DATA BELOW below:

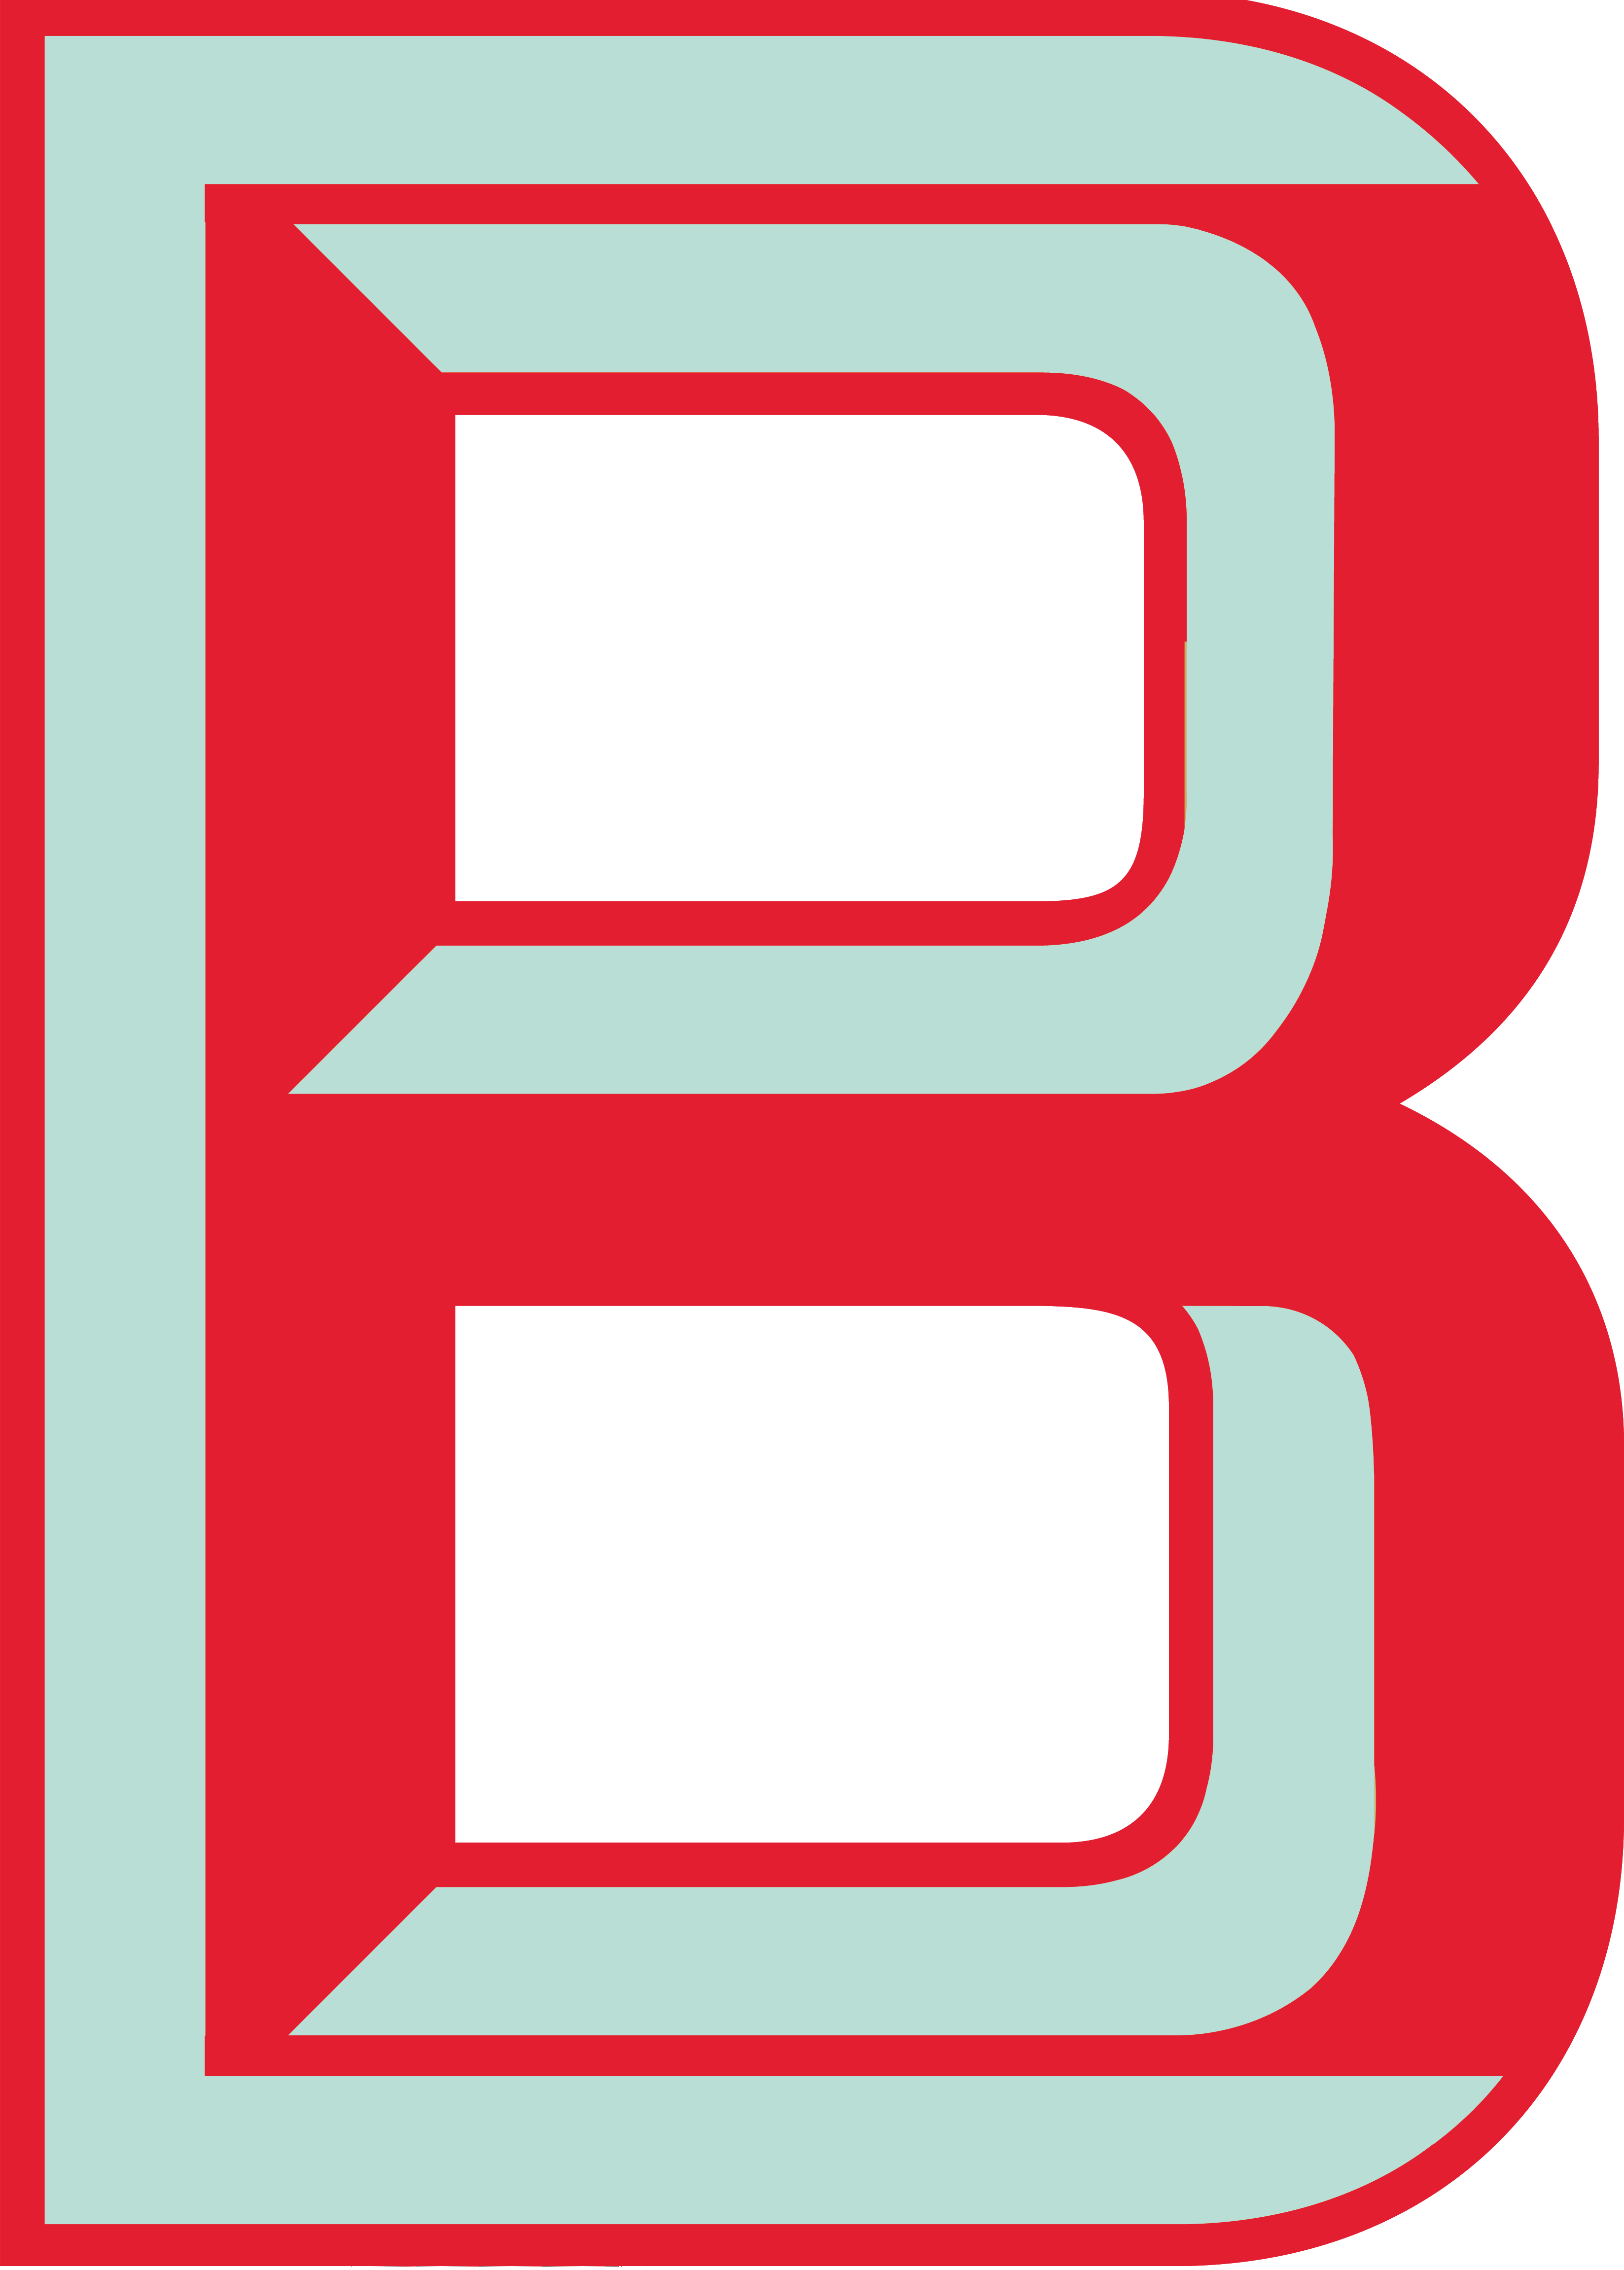 Breanna Kerr's logo. An aqua-colored and red outlined B.
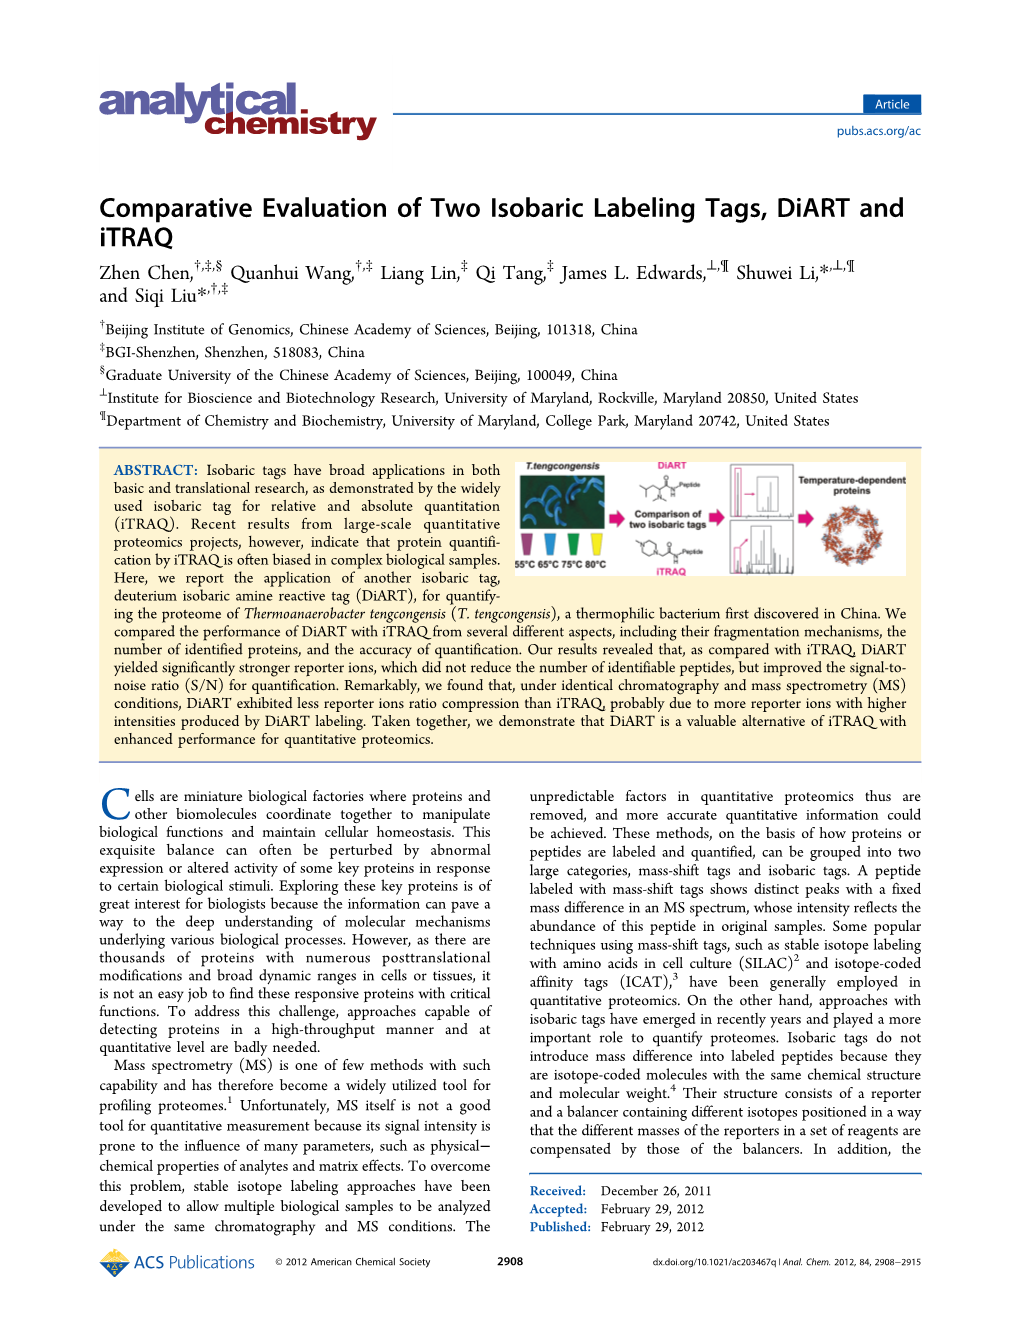 Comparative Evaluation of Two Isobaric Labeling Tags, Diart and Itraq † ‡ § † ‡ ‡ ‡ ⊥ ¶ ⊥ ¶ Zhen Chen, , , Quanhui Wang, , Liang Lin, Qi Tang, James L
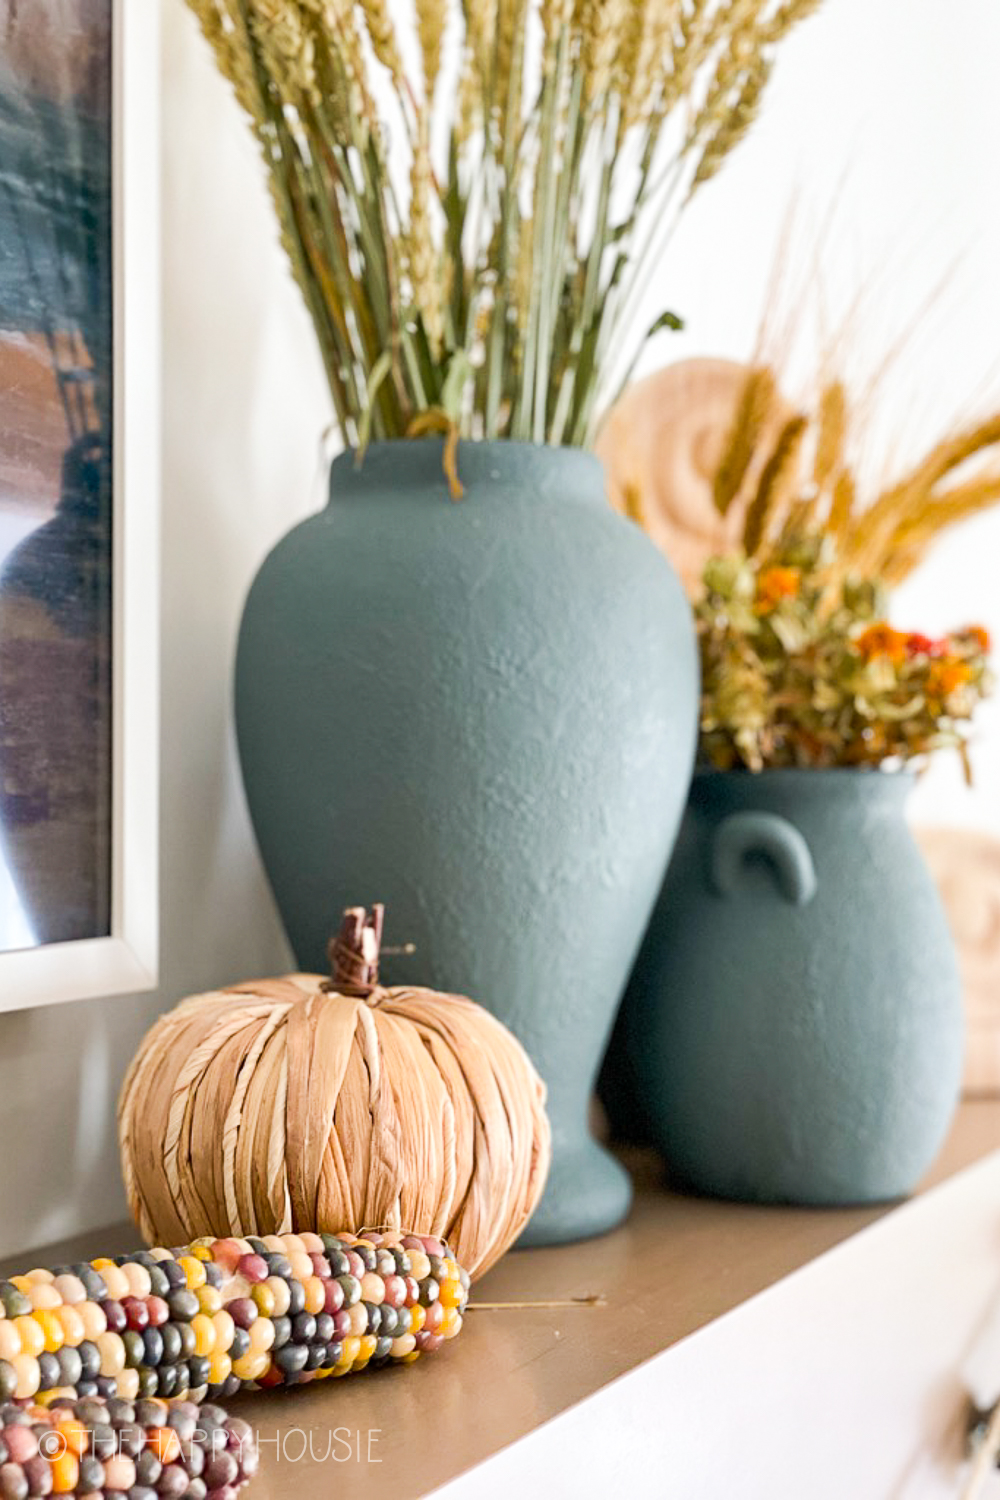 A corn husk pumpkin is beside the vases on the mantel.

End of DATA BELOW.

_REQUIREMENT_.
If pictures appear in the data, do not print them; repeat the rest exactly.

_YOUR SOLUTION_.
 Breanna Kerr's logo. An aqua-colored and red outlined B.
 Comparative Evaluation of Two Isobaric Labeling Tags, Diart and Itraq † ‡ § † ‡ ‡ ‡ ⊥ ¶ ⊥ ¶ Zhen Chen, , , Quanhui Wang, , Liang Lin, Qi Tang, James L
 A corn husk pumpkin is beside the vases on the mantel.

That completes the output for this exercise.